It is possible to embed and retrieve the information into digital image, if the quality is not a concern [17]--[19] or loss of quality may be accepted in certain regions. The key point of the research is to verify the influence of information embedding into the image when introduced artifacts are unacceptable.

The embedding is performed into JPEG 2000 image using unmodified scheme, presented in [19], when the annotation and the region of annotation (ROA) are not separated spatially.

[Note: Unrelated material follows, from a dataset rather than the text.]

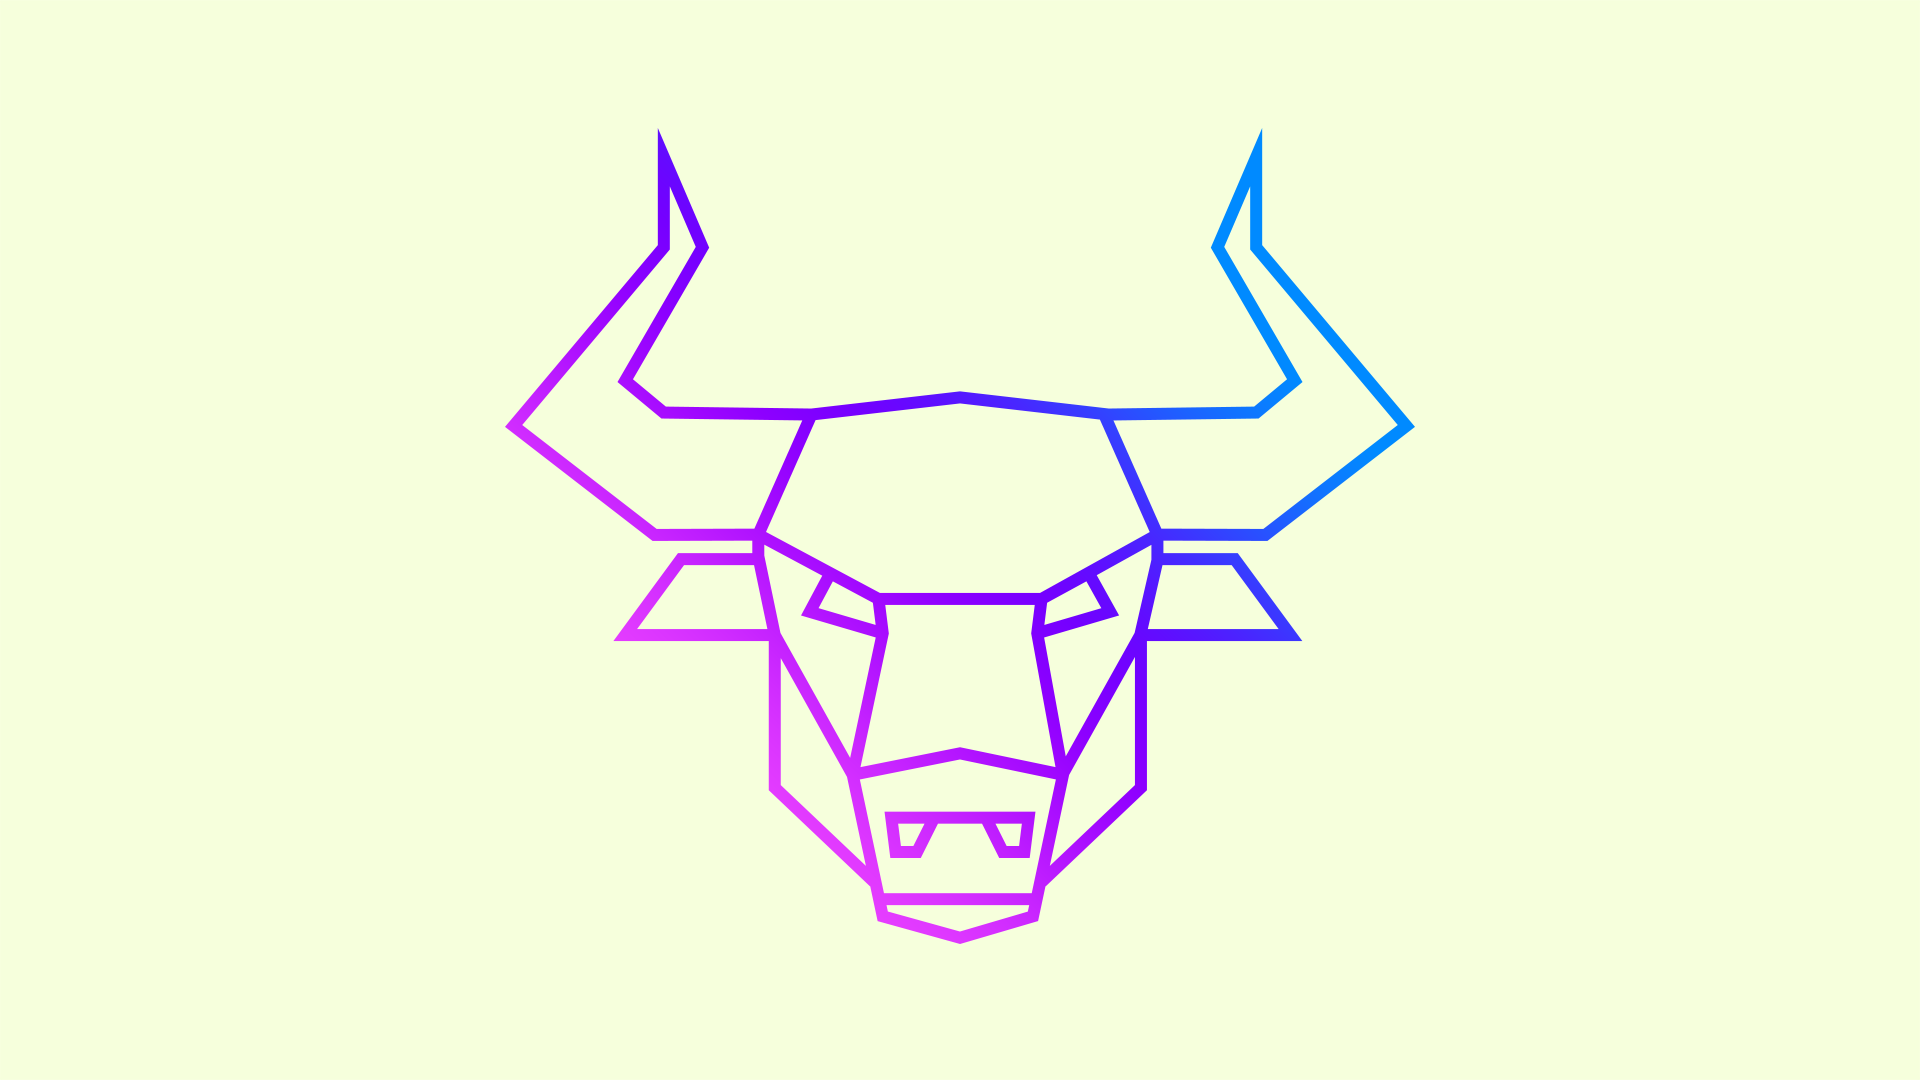 Icon for Taurus B

The embedded structure of ROA contains information of the annotation, graphical finder patterns and error-correcting codes. The research uses 2D barcode symbology as a carrier, reassembling DataMatrix finder pattern and specially crafted message area. The initial consideration were made on using standard DataMatrix symbology, but as no public encoder and decoder were available, a simulated one has to be used.

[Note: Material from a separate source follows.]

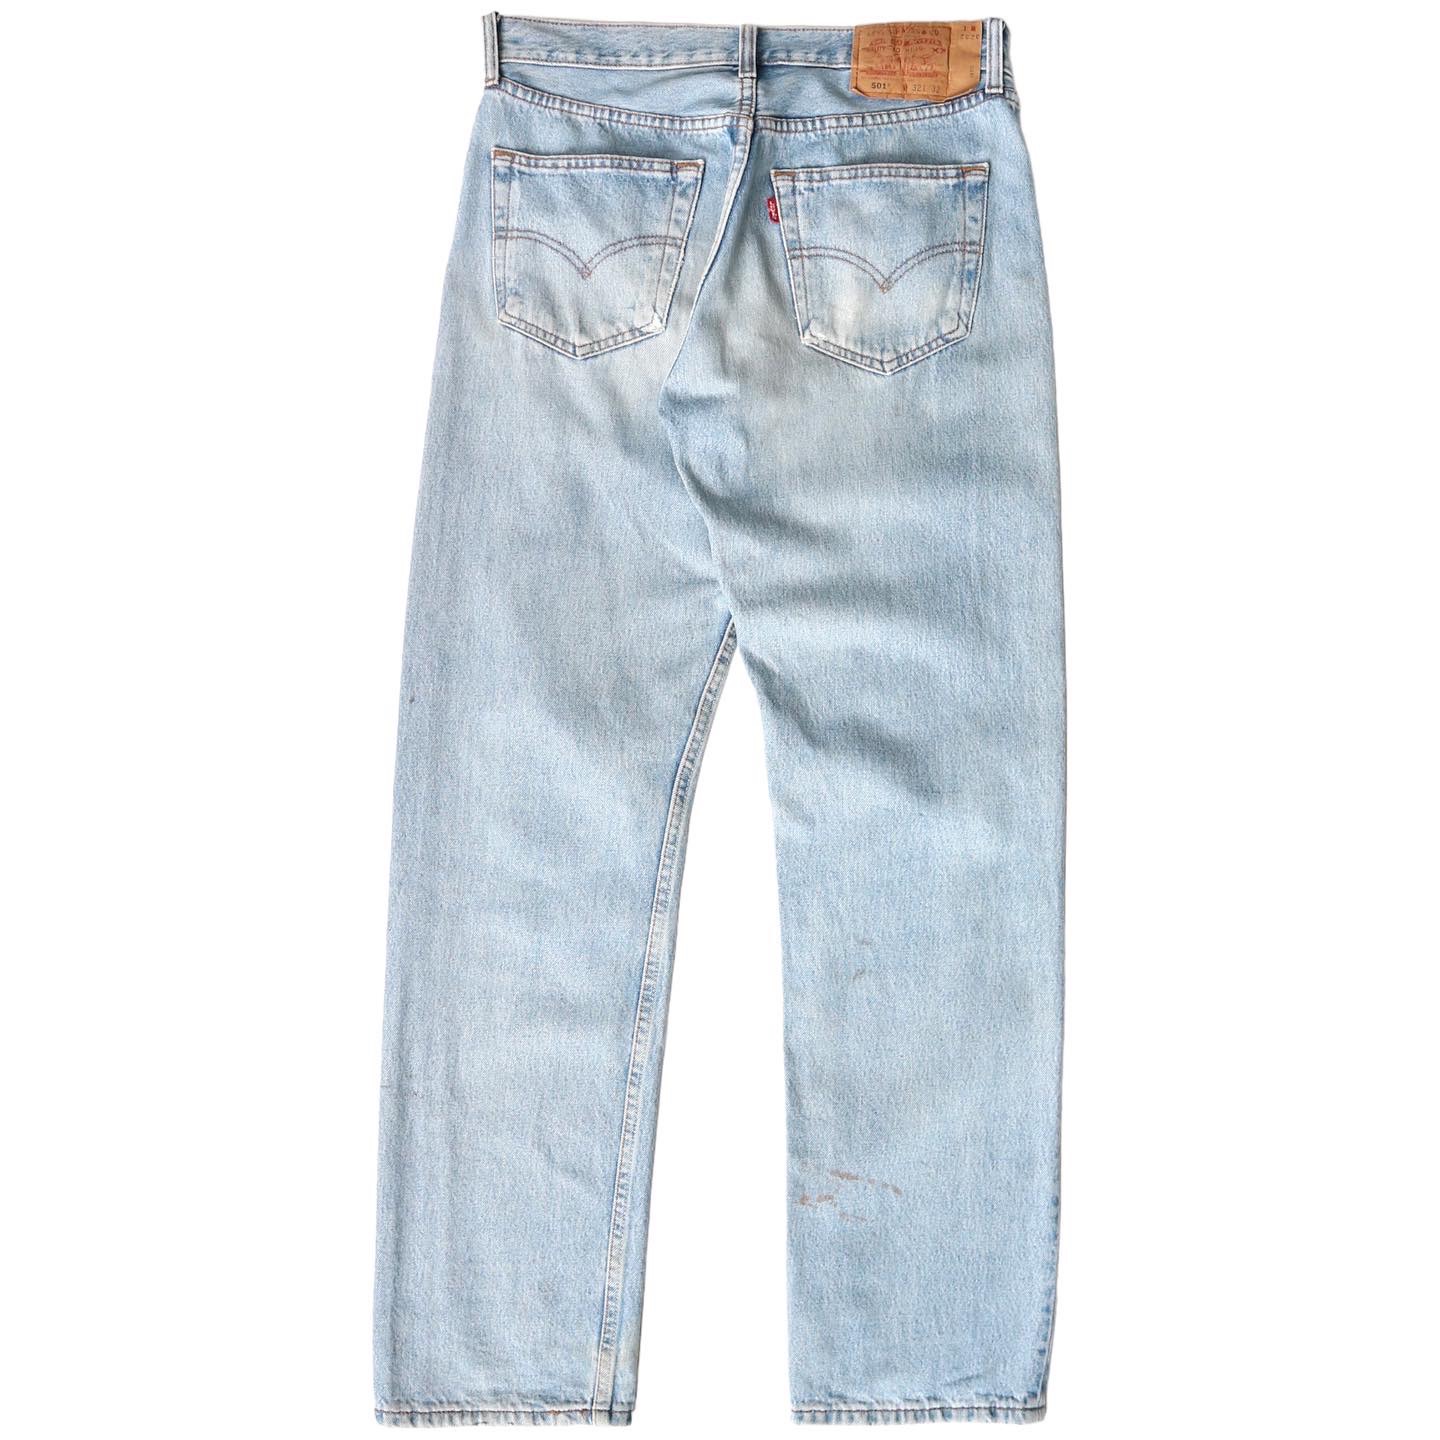 2000s Levi's 501 Jeans Size 31 denimister

The most promising candidate seems to be QR symbology. Minimal size of QR 2D barcode is 25 x 25 px and it needs additional 4 px margin, which could be reduced to 1 or 2 px, in the case of success. In this case it can transmit 20 to 47 characters, as defined by the level of error correction [17]. This size of barcode is too large to embed into lower levels of DWT decomposition, but more compact version, called "Micro QR" [18] could be used. Micro QR can transmit from 6 to 11 alphanumeric symbols in its smallest size of 13 x 13 px and having additional 2 px margin, and this is comparable to the 2D symbology used in the research.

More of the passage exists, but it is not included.